Bisher nur Ethikunterricht verpflichtend
„Pro Reli“ legt beim Volksentscheid den Berliner Bürgern einen Gesetzestext zur Abstimmung vor: Religion soll ordentliches Schulfach werden, alle Schüler sollen zwischen Ethik- oder Religionsunterricht wählen können. Bisher haben Religions- und Weltanschauungsgemeinschaften zwar das Recht, in den Schulgebäuden Religion zu unterrichten, ihre Lehrer werden vom Staat bezahlt. Doch ist die Teilnahme freiwillig und für den Schulerfolg ohne Belang. Verpflichtend ist hingegen seit dem Schuljahr 2007/08 die Teilnahme am Ethikunterricht. Eine Abmeldung ist nicht möglich. „Pro Reli“ will die Wahlfreiheit zwischen Ethik und Religion als gleichberechtigten Fächern durchsetzen; das würde den Religionsunterricht aus seiner in Berlin traditionell randständigen Rolle herausholen.
Bis Anfang Februar wird der Wahlleiter die Unterschriften prüfen und feststellen, ob die erforderliche Zahl an gültigen Unterschriften erreicht ist. Unterstützt wird die Initiative von CDU und FDP. Wie bei der Abstimmung über das Ende des Flugverkehrs in Tempelhof im vergangenen Jahr sind die Grünen auf der Seite der rot-roten Koalition. Doch anders als beim Tempelhof-Volksentscheid wäre das Abgeordnetenhaus bei einem Erfolg gezwungen, dem Volksbegehren Gesetzeskraft zu verleihen. Um Unterschriften für „Pro Reli“ durfte auf der Straße geworben werden, beim Tempelhof-Volksbegehren mussten Unterschriften zunächst noch in Bürgerämtern getätigt werden.

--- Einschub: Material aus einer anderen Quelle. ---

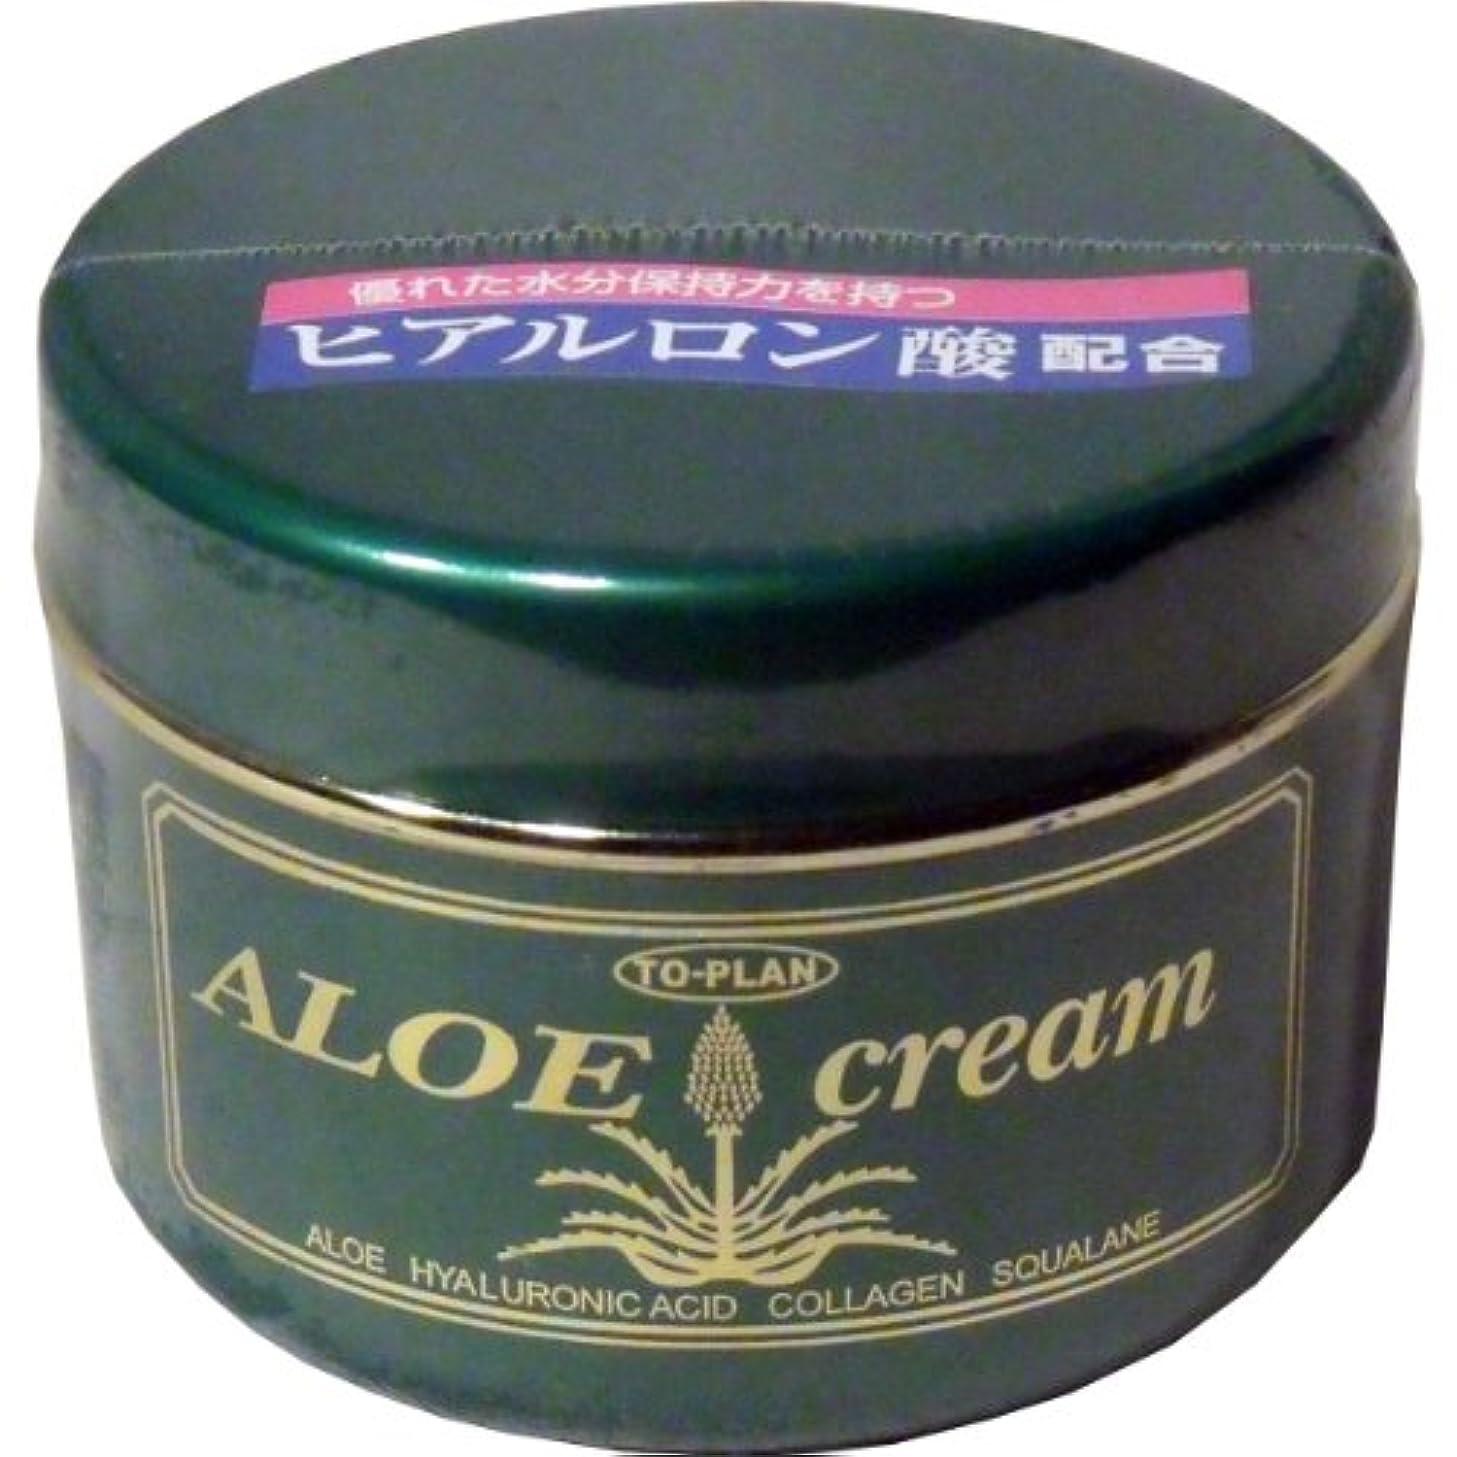 アスペクトヒロイック囚人トプラン ハーブフレッシュクリーム(アロエクリーム) ヒアルロン酸 170g ×10個セット

„Pro Ethik“ gegen „Pro Reli“
Innensenator Körting (SPD) schloss einen Kompromiss vor einer Abstimmung aus rechtlichen Gründen aus. Erst nach dem Scheitern des Volksentscheids seien Gespräche sinnvoll; bei einem Erfolg sei der Gesetzgeber verpflichtet, Ethik und Religion als Wahlpflichtfächer anzubieten, sagte seine Sprecherin der „Berliner Zeitung“. Christoph Lehmann, der Vorsitzende von „Pro Reli“, hatte Gespräche über eine engere Kooperation der Fächer schon vor einem Volksentscheid angeregt, als sich der Erfolg des Volksbegehrens abzeichnete.
Der Präsident des Abgeordnetenhauses, Momper (SPD), ist Schirmherr der Initiative „Pro Ethik“, mit der Mitglieder der SPD, der Linkspartei, des in Berlin einflussreichen „Humanistischen Verbandes“ sowie der Gewerkschaft Erziehung und Wissenschaft bei der Abstimmung gegenüber „Pro Reli“ in die Offensive gelangen wollen. Berlin ist traditionell kirchenfern; SPD, Linkspartei und die Grünen sind eher dem organisierten „Humanismus“ zugetan. Maßgebliche Politiker von Rot-Rot-Grün sind in den Gremien des Berliner „Humanistischen Verbands“ vertreten, der nach eigenen Angaben 47.000 Berliner Schülern Werteunterricht erteilt: Im Vorstand sitzt die bildungspolitische Sprecherin der SPD-Fraktion, Felicitas Tesch, im Kuratorium sitzen die kulturpolitische Sprecherin der Grünen-Fraktion, Alice Ströver, die Staatssekretärin Iris Spranger sowie der Bundestagsabgeordnete Swen Schulz (beide SPD).
„Pro Reli“ wird von den Kirchen sowie von jüdischen und muslimischen Gemeinden unterstützt. Ein Erfolg würde auch die islamischen Gemeinden tangieren. Die „Islamische Föderation“, ein Dachverband von zehn Moscheegemeinden, erstritt das Recht, islamischen Religionsunterricht zu erteilen, an dem seit 2001 etwa 4000 Grundschüler teilnehmen. Statt mit der Gleichstellung von Religion und Ethik dafür zu sorgen, dass der Islamunterricht wie der Religionsunterricht der Kirchen von wissenschaftlich ausgebildeten Lehrern erteilt wird, hat der Senat Ethik als ausdrückliches Integrationsfach etabliert.